Qassim Khidhir : "Les journalistes d’Irak sont des personnes passionnées et très résilientes"
Journaliste au "Kurdistan Chronicle", Qassim Khidhir est depuis près de 20 ans passionné par ce métier si difficile à exercer en Irak. Lui qui affirme être arrivé « par chance » dans le journalisme, revient sur son parcours et les défis à relever par les reporters de son pays. Propos recueillis par Emmanuel de Solère Stintzy.
Pourquoi avoir choisi de vous spécialiser dans le développement des médias ?
A vrai dire, je n'avais pas vraiment planifié cela. J'étais un étudiant irakien et beaucoup de journalistes étrangers venaient dans mon université nous interroger sur la possibilité pour les USA d'envahir l'Irak. J'ai travaillé avec certains d'entre eux comme fixeur et je suis aussi devenu proche de plusieurs acteurs du développement des médias.
Sous Saddam (Hussein, chef de l'État de 1979 à 2003, chassé du pouvoir lors de l'offensive américano-britannique contre l'Irak, Ndlr), nous n'avions pas le choix. Je détestais alors notre télévision nationale qui ne parlait que de lui ! Après sa chute, les journalistes pouvaient écrire sur tous les sujets. Avoir le choix est si important... Contrairement à une idée assez répandue en Irak, nous ne pouvons pas juste dire : "Incha'Allah, voyons ce que le futur nous réserve." Nous devons faire remonter à la surface nos problèmes sociaux, politiques et économiques.
Quels sont, selon vous, les apports du projet Qarib pour les médias irakiens ?
Qarib est différent des autres projets médias pour lesquels j'ai travaillé avant, où tout était tracé à l'avance : seul un petit nombre de médias irakiens, toujours les mêmes, devaient juste appliquer ce qu'on leur disait... Avec CFI, nous avons visité beaucoup de médias dans tout le pays. Ceux-ci n'avaient reçu aucun argent jusque-là, mais ont beaucoup d'impacts localement. Avec eux, nous avons parlé des sujets qu'ils voulaient traiter, de leurs problèmes et de leurs besoins. Qarib apporte aux dix-huit médias indépendants sélectionnés de l'oxygène. Ces médias sont en effet en train de mourir, car ils n'ont en général pas accès aux informations, pas d’argent et pas de sécurité pour réaliser leur travail.
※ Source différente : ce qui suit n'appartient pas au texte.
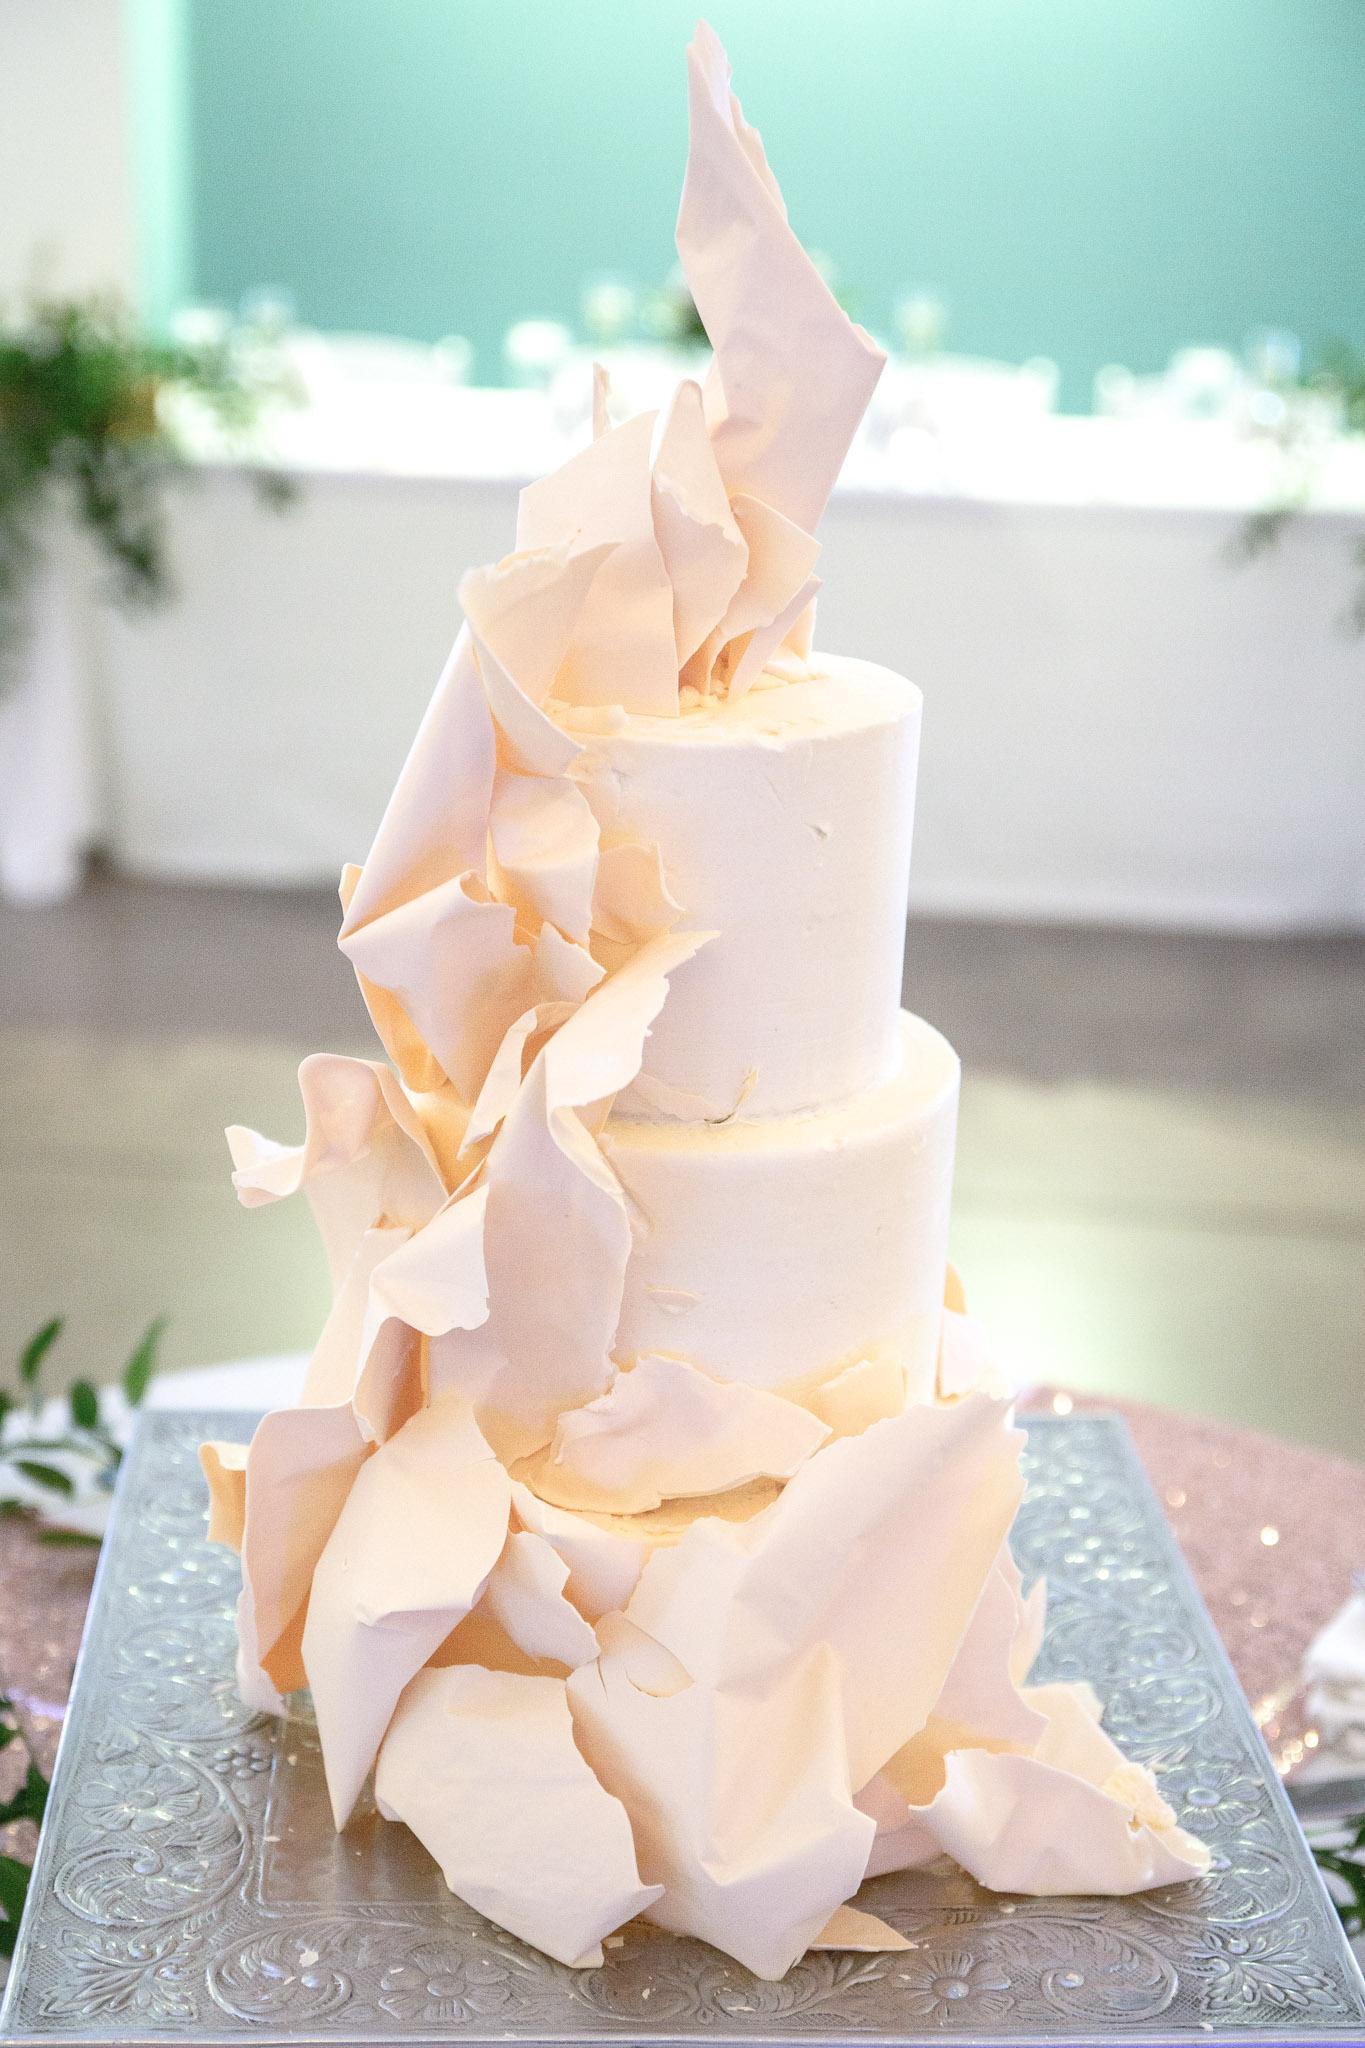 foundary art centre wedding photography (4 of 37).JPG
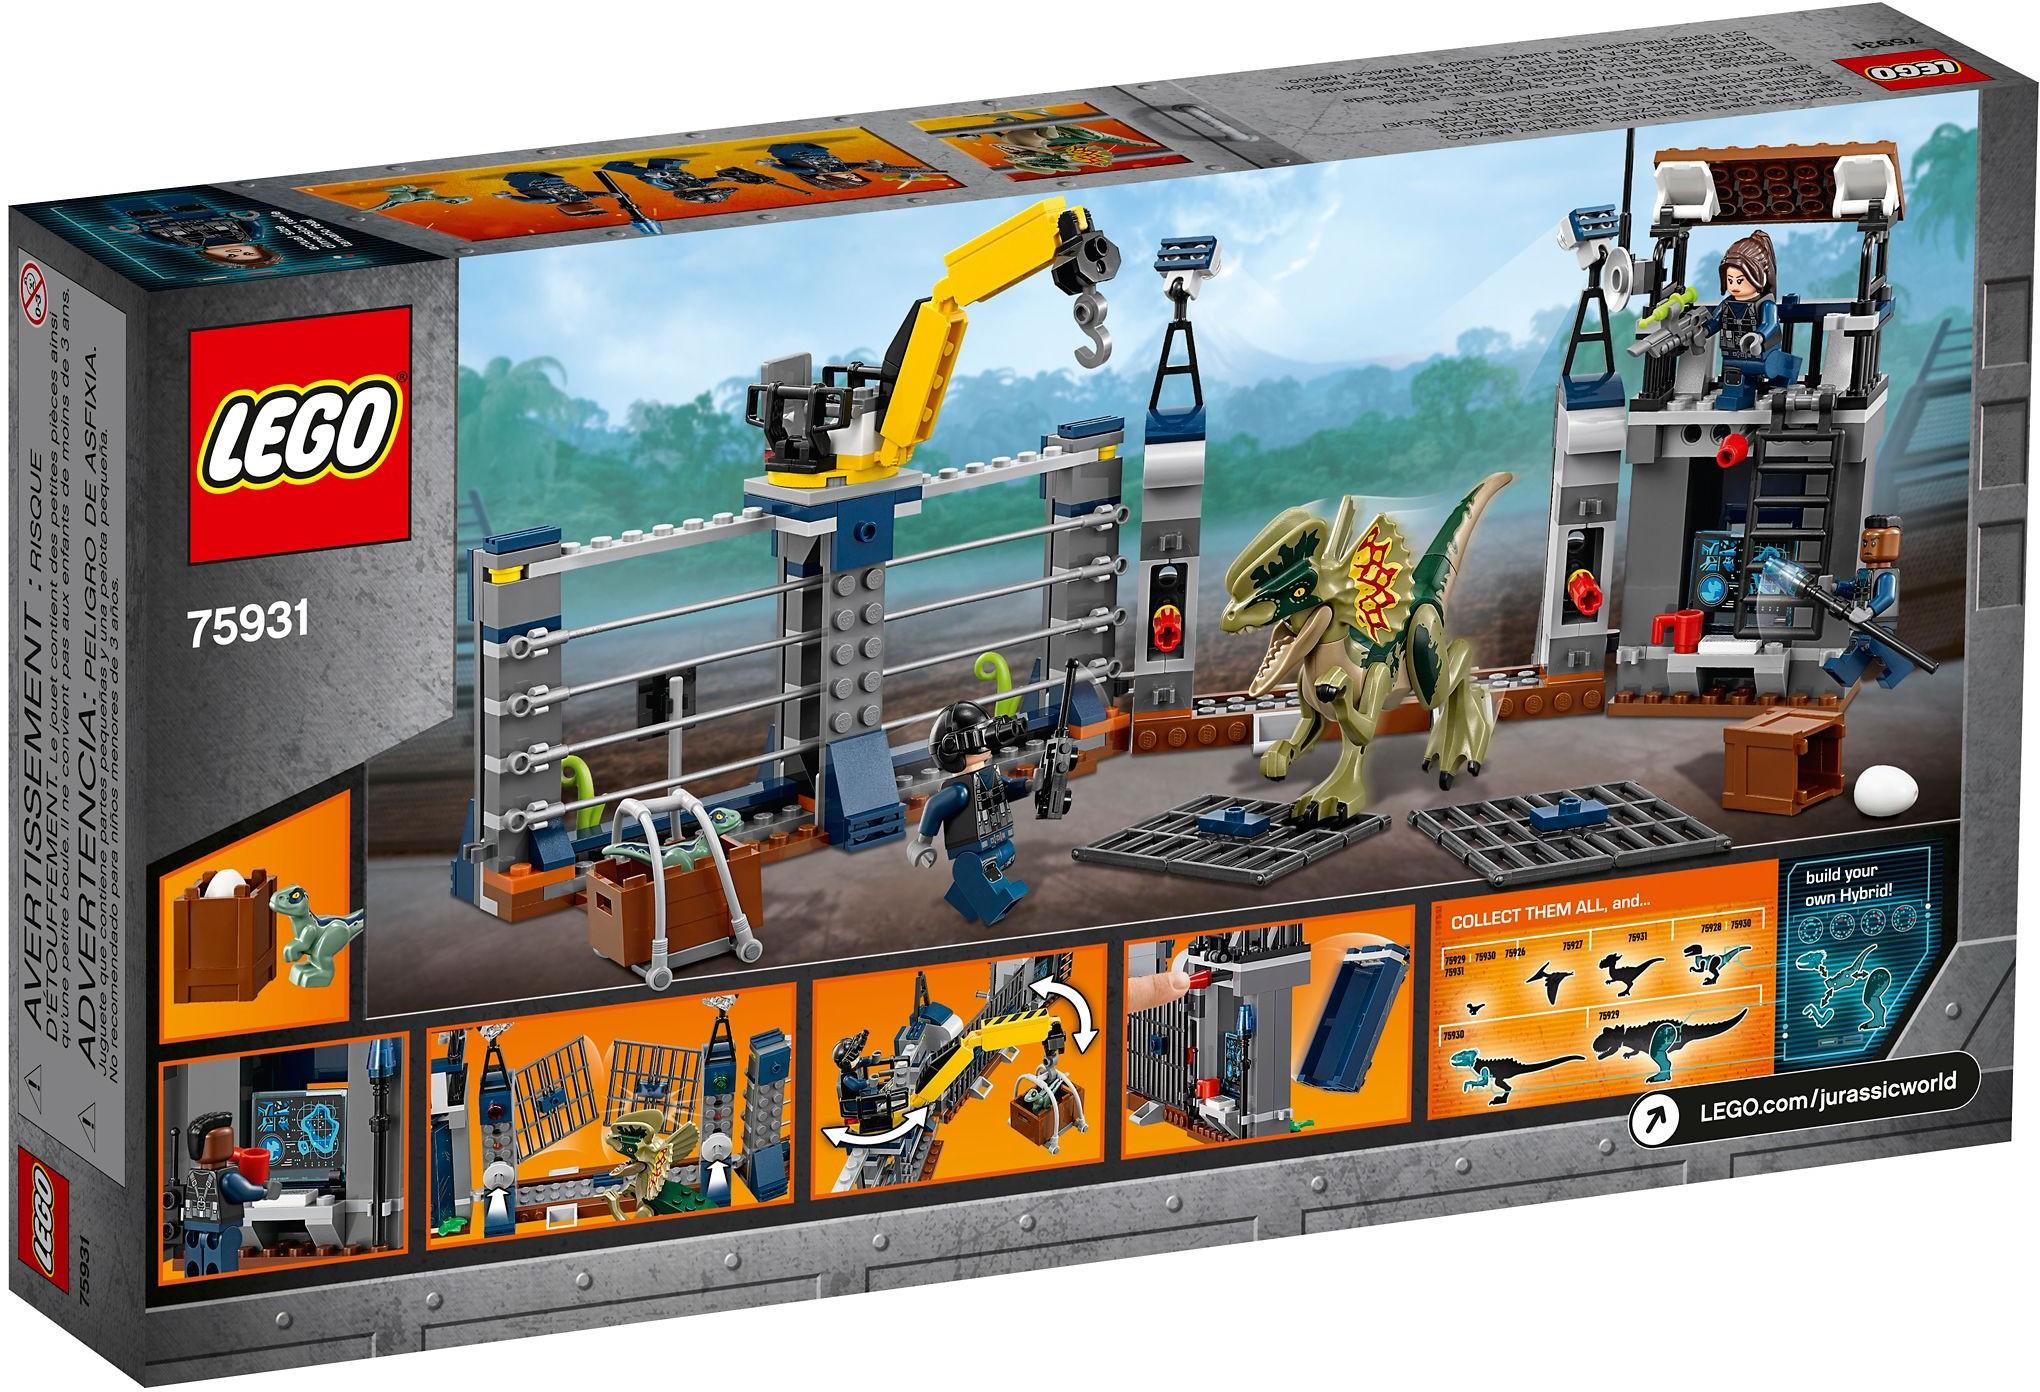 New Lego Jurassic World Minifigure TRACKER from set 75931

En tant que coordinateur pour l'Irak, je vais organiser les prochaines activités, notamment encourager les médias à envoyer leurs productions dans le cadre d'un prix que nous allons lancer. Je vais aussi vérifier que le contenu éditorial des médias sélectionnés reste professionnel, équilibré, respectueux des minorités, conformément à leurs engagements.
À votre avis, à quels défis les personnes qui exercent le journalisme en Irak sont-elles confrontées aujourd’hui ?
Certaines sont assassinées, menacées... Les journalistes d’Irak ont beaucoup de difficultés, mais, passionnés, ils ont le journalisme dans le sang et sont très résilients. Le plus grand défi est d'appliquer la Constitution et les lois qui sont bonnes sur le papier et peuvent les protéger. Mais il y a aussi beaucoup de forces et de milices qui deviennent comme des « États » avec leurs propres lois, leurs propres drapeaux... C'est très dur pour les journalistes de travailler avec ces groupes.
Si je devais donner un conseil à mes collègues, je leur dirais : "Si vous décidez d'être journalistes, travaillez dur et soyez passionnés. Vous obtiendrez ainsi tout ce que vous voudrez ! Mais, restez uniquement journalistes professionnels, pas activistes ! En Irak, quand on mélange les deux, on se perd."